Nidaplatin is currently commonly used in the clinical treatment of esophageal cancer, non-small cell and small cell lung cancer, head and neck tumors, and ovarian cancer. Usage and dosage are comparable to cisplatin. Dose-limit toxicity of nidaplatin is mainly manifested in the bone marrow suppression of leukopenia and thrombocytopenia, especially the thrombocytopenic response. During the preparation process, care needs to be taken to avoid acidic solutions dissolved below pH below 5, nidaplatin has a certain irritation to blood vessels.
Oxaliplatin (platinum oxalate, Oxaliplatin, L-OHP, OXA)
Oxaliplatin is representative of the so-called third-generation platinum chemotherapy drugs. Oxaliplatin is mainly used in clinical treatment of colorectal cancer, gastric cancer, pancreatic cancer, bile duct cancer, liver cancer, etc., and is also used in non-small cell lung cancer, ovarian cancer, lymphoma, head and neck tumors. During its use, adverse reactions are fewer and lighter, and patients with hepatic insufficiency do not need to carry special doses, and there is no need for hydration during use. Clinically, oxaliplatin is often used in combination with 5-fluorouracil and various derivatives.
In the process of use, the prominent adverse reactions of oxaliplatin are its neurotoxic reactions, mainly manifested as peripheral neuritis, the incidence rate is about 80%, and some patients may sometimes have spasm and sensory impairment in the perioral, upper respiratory tract, upper gastrointestinal tract, and these adverse reactions are usually reversible. When the cumulative dose is too high, permanent paresthesias and dysfunction may occur. In gastrointestinal toxicity and bone marrow suppression, in addition to granulocytes and thrombocytopenia, special attention is paid to the occurrence of anemia. Due to structural reasons, oxaliplatin needs to be diluted with glucose solution when formulating, and cannot be dissolved or diluted with salt solution, oxaliplatin has irritation to blood vessels.
Loplatin (Le Platinum, Lobaplatin, LBP)
Loplatin is mainly used in the treatment of ovarian cancer in the clinic, in addition, it can also be used in breast cancer, small cell lung cancer and chronic myelogenous leukemia.
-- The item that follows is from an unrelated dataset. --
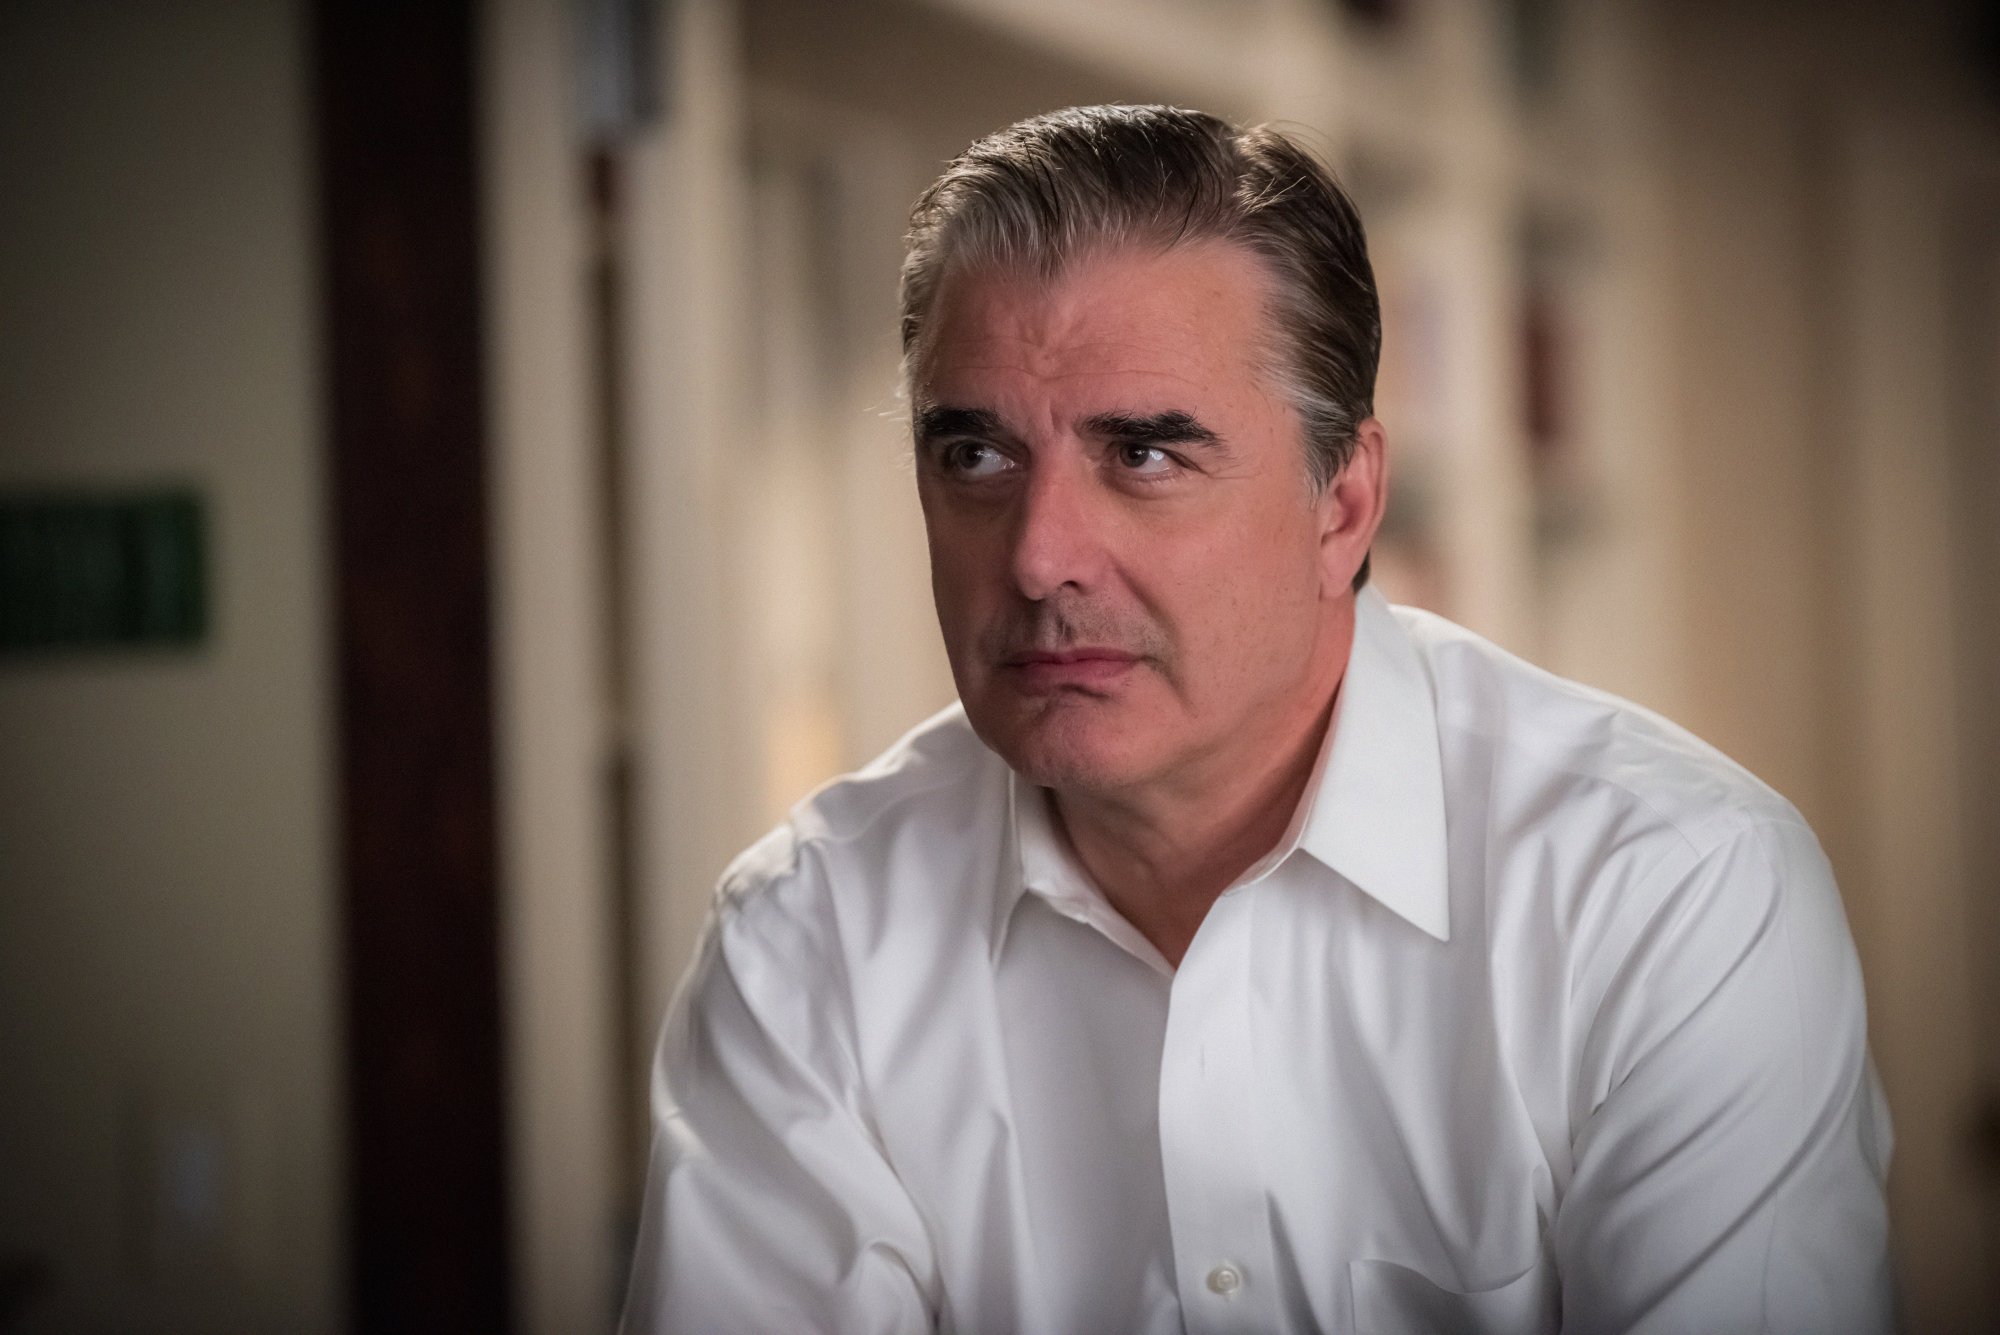 Chris noth in a scene from 'The Good Wife'

Compared with cisplatin, the incidence of adverse reactions such as hair loss, nephrotoxicity, and ototoxicity was reduced, but the incidence of hematotoxicity was relatively high, especially the incidence of thrombocytopenia was higher. Loplatin is mainly metabolized by the kidneys, and the patient's creatinine clearance is the main factor affecting the patient's adverse reactions. For the observation of thrombocytopenia, in the treatment of ovarian cancer, the incidence can reach 75%. Thrombocytopenia is usually reversible, but during this period it can lead to some secondary side effects, such as bleeding due to thrombocytopenia, infection caused by leukopenia, etc., which may increase myelotoxicity if used in conjunction with other bone marrow inhibitors during treatment. However, on the whole, its gastrointestinal toxicity, neurotoxicity, liver and kidney toxicity are relatively low. Allergic reactions are rare. In addition, when lobplatin is formulated, it cannot be dissolved or diluted with a salt solution, and loplatin also has a certain stimulating effect on blood vessels.